But, what's born must die. As massive algae blooms faded and fell to the bottom, their decay took up oxygen. Anoxia - or the lack of dissolved oxygen, the stuff that fish breathe - resulted.
None of this is an issue in Lake Erie's shallow 1,200-square-mile western basin. But in the deeper central and eastern basins, summer warms the surface water, which acts a barrier to the colder, denser, bottom water.
“The cold bottom layer is essentially isolated from the atmosphere,'' said Dr. Paul Bertram, an environmental scientist with the Great Lakes National Program Office.
In the eastern basin, the oxygen remains adequate for life, simply because the basin is deeper. The 2,400-square-mile eastern basin has an average depth of 82 feet.
But the 6,300-square-mile central basin is in a reverse “Goldilocks” position - everything is just wrong. The central basin, at about 60 feet deep, isn't deep enough to absorb the increasing decay rates of algae, and it's not shallow enough to avoid the isolation of the bottom layer in the first place. The central basin extends from Sandusky to Erie, Pa.
What bewilders scientists this time is that low-oxygen, high-phosphorus conditions are not accompanied by a corresponding algae bloom.

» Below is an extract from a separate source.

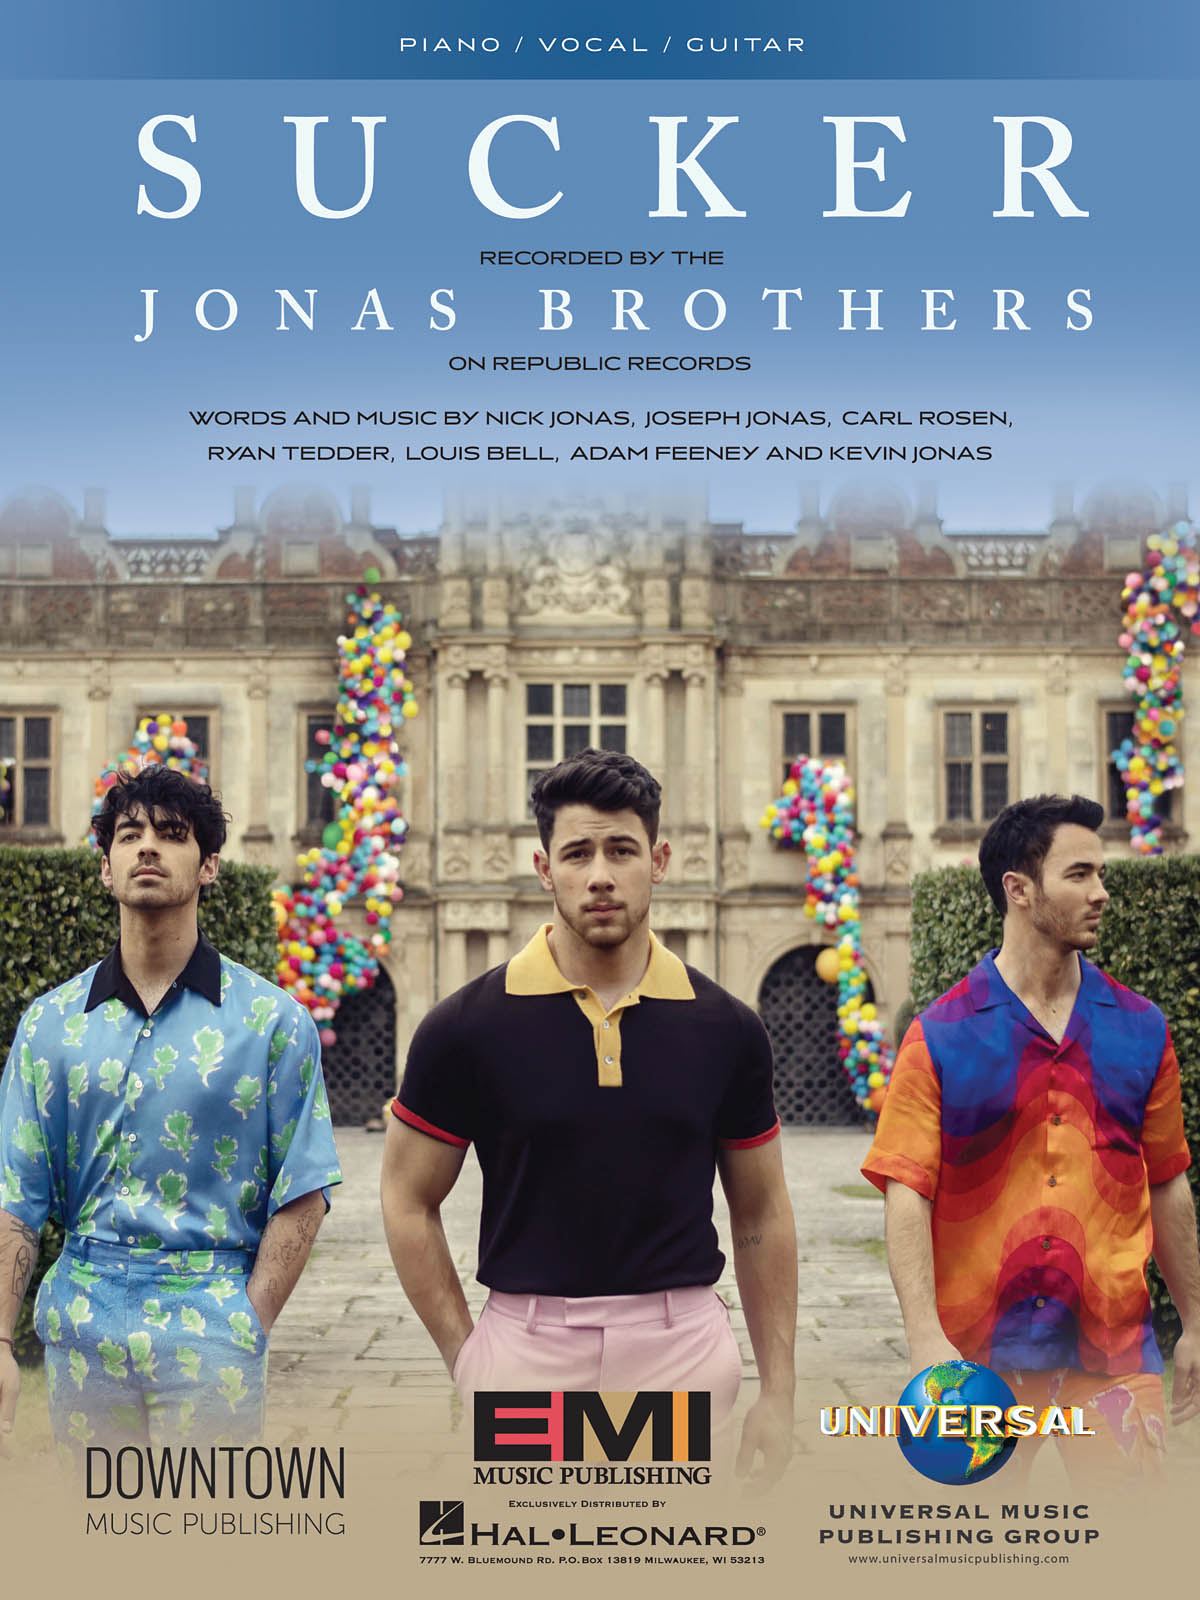 Jonas Brothers: Jonas Brothers - Sucker: Vocal and Piano: Single Sheet
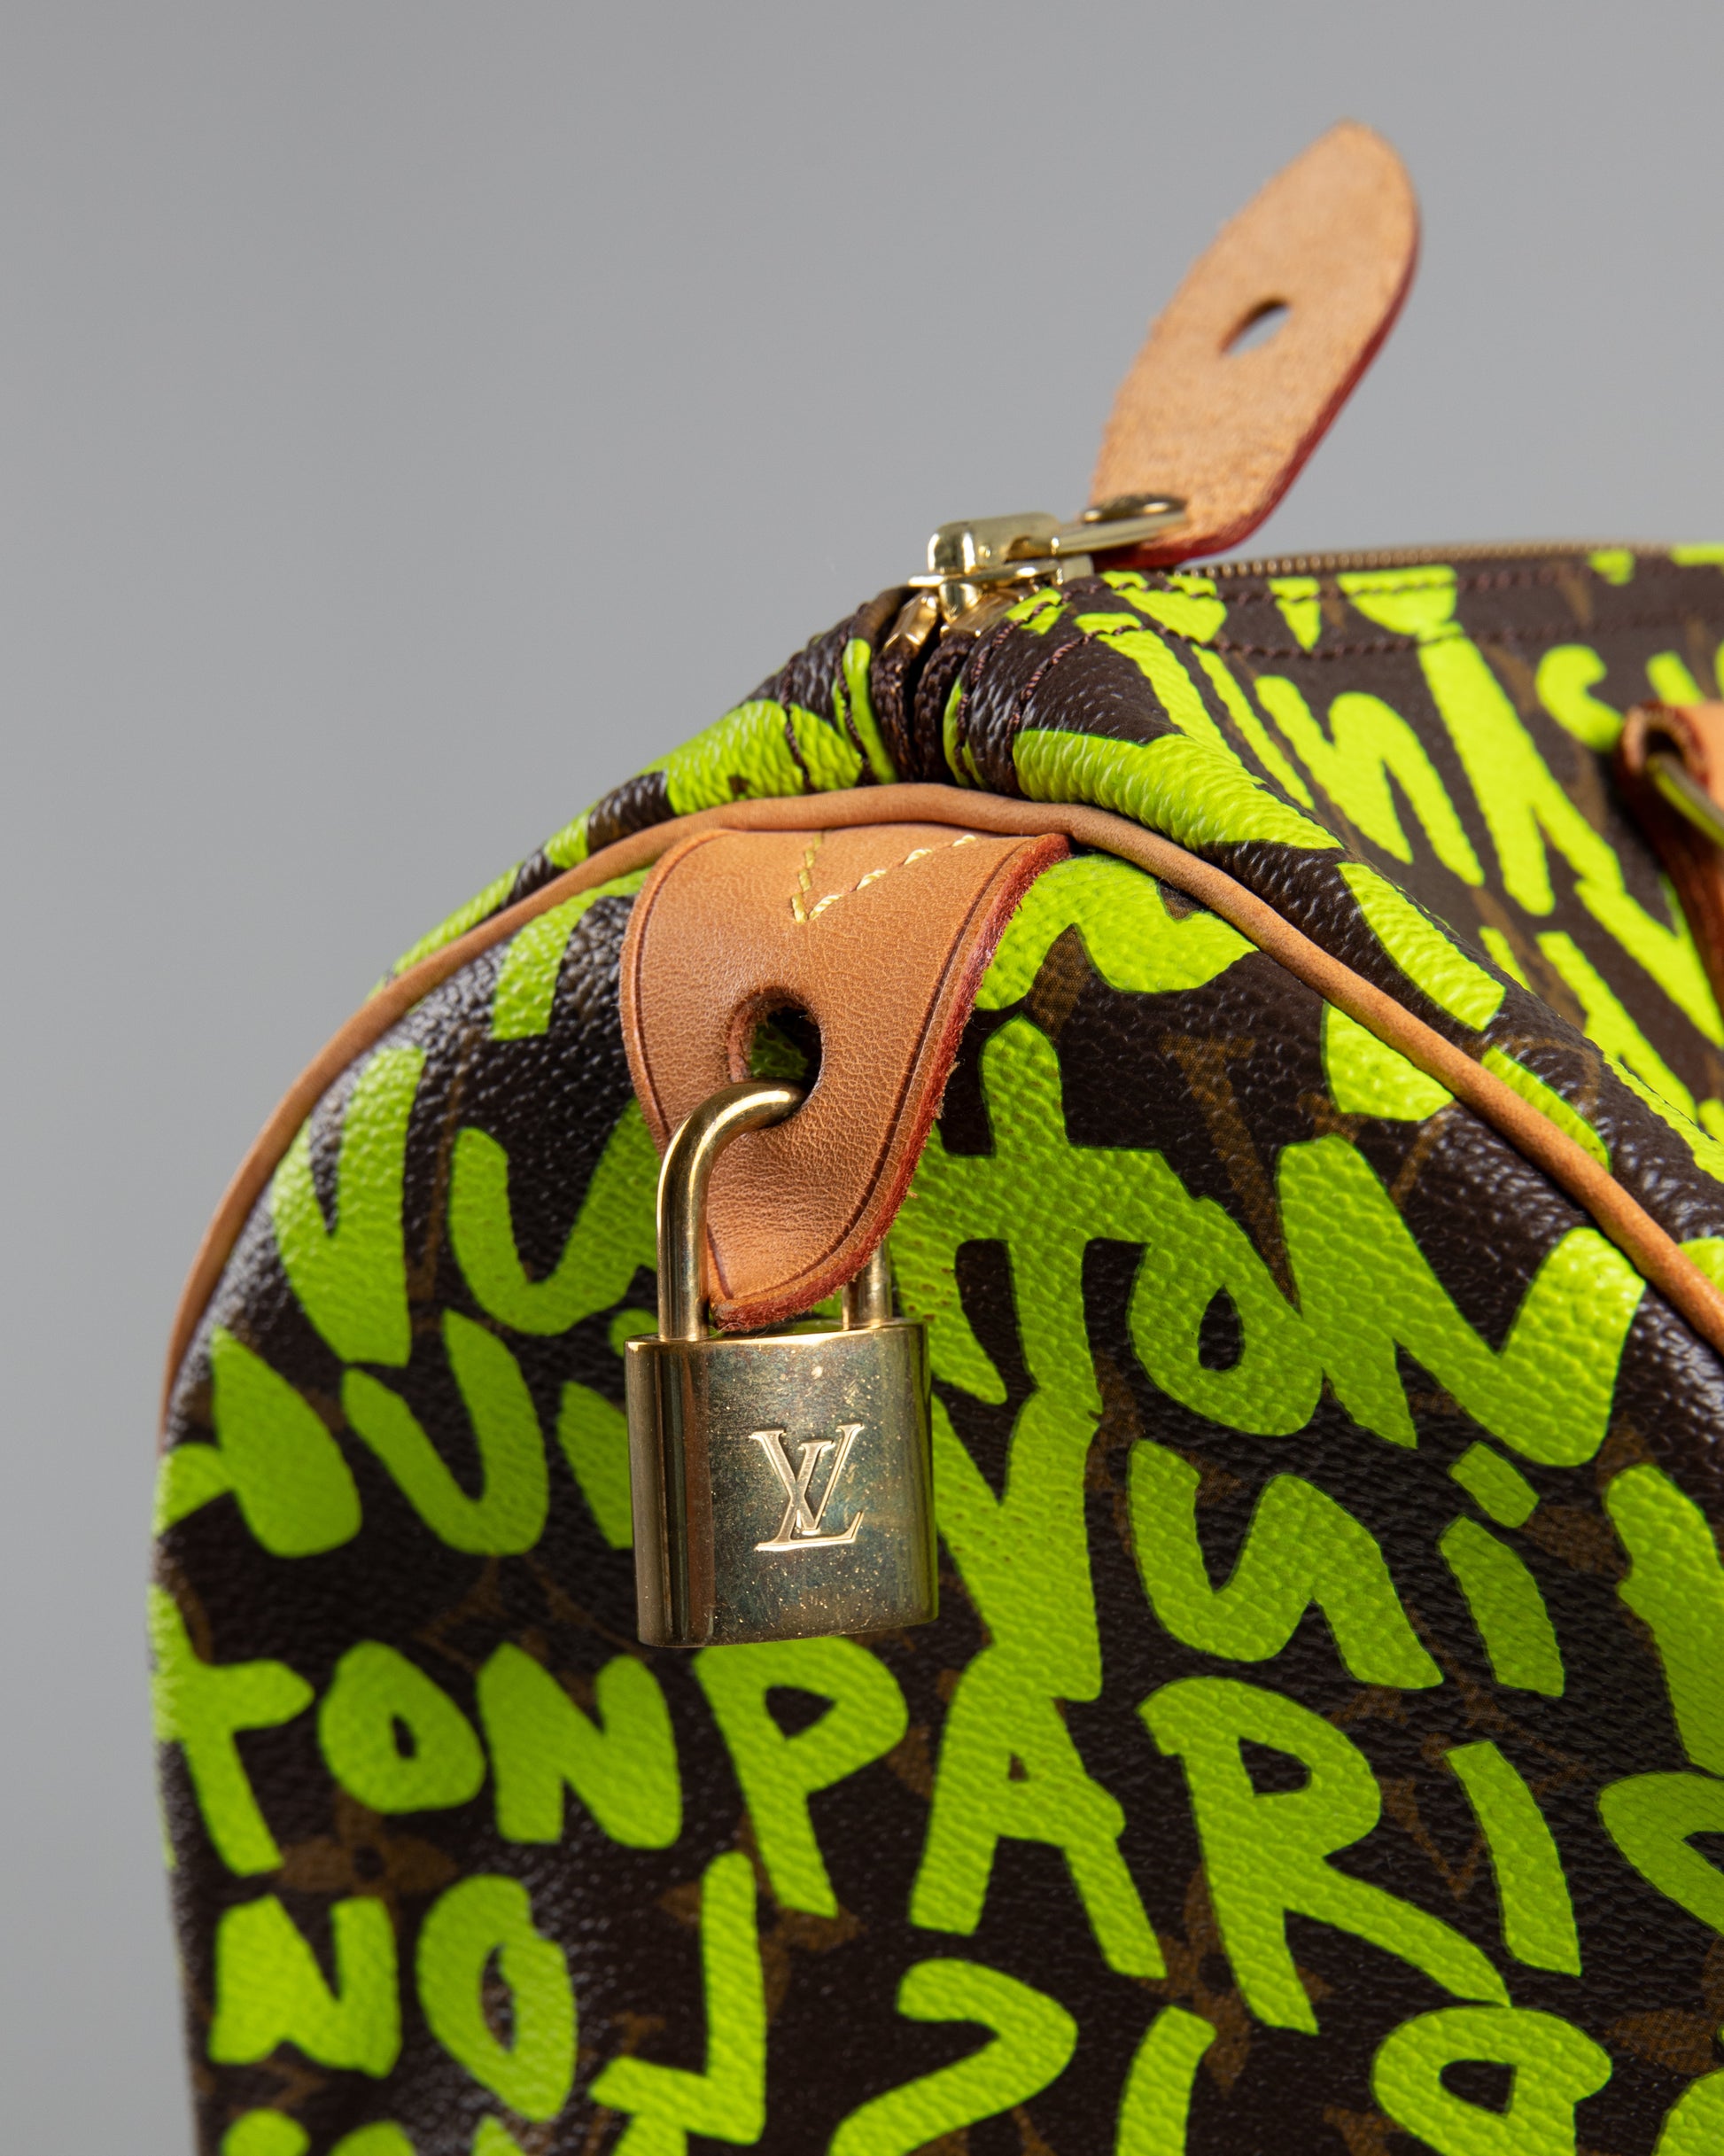 Louis Vuitton Vert Graffiti Stephen Sprouse Speedy 30 Bag

Such a bloom would account for the low oxygen.
Further, it appears that phosphorus dumping has been relatively flat in recent years, which should have kept oxygen levels high.
“That's very peculiar,'' said Dr. Ciborowski. “Where's that phosphorus coming from? And why do we have no algae, yet lots of phosphorus? So something is wrong.''
“Last year we had the most rapid depletion of oxygen in the central basin that we monitored since 1983,'' Mr. Rockwell said. While a few testing stations in the central basin often show anoxic conditions by late August, last year, some stations showed depleted oxygen in early August. By late August, oxygen was down all over the central basin.
The question is, why. Research this summer will focus on three central hypotheses for Lake Erie's troubles, said Dr. Ciborowski. It may surprise no one that two of the theories put the European invader, the zebra mussel, and its cousin, the quagga mussel, in the equation.
One hypothesis suggests that atmospheric ozone depletion may allow more ultra violet light to reach deeper into Lake Erie. This may warm more of the lake, reducing the depth of the cool bottom level in the central basin. Thus allowing quicker oxygen depletion.
A second hypothesis revolves around the lack of algae blooms despite the high phosphorus levels. The ideas here explore whether mussels eat the algae before it can proliferate, or whether ultraviolet light inhibits algae blooms. Another theory suggests that petroleum in the water, in the form of polycyclic aromatic hydrocarbons, may damage algae production.
Researchers will also look at whether something other than phosphorus limits algae growth. For instance, lack of available iron may keep algae levels low no matter how much phosphorus fertilizes the lake.
Finally, the culprit may be mussel feces. One hypothesis suggests that as the feces and something called pseudo feces - essentially matter the mussels spit out. decays, it takes up oxygen, and contributes to anoxia.
No matter which theory - or which part of which theory - proves accurate, it appears that the source of Lake Erie's trouble is entirely different from what it was 30 years ago.
“We're talking about changes in the way things are going on inside the lake rather than external changes,'' said Dr. Ciborowski. “If it's all zebra mussels, we're in trouble. I don't know how you would control zebra mussels.''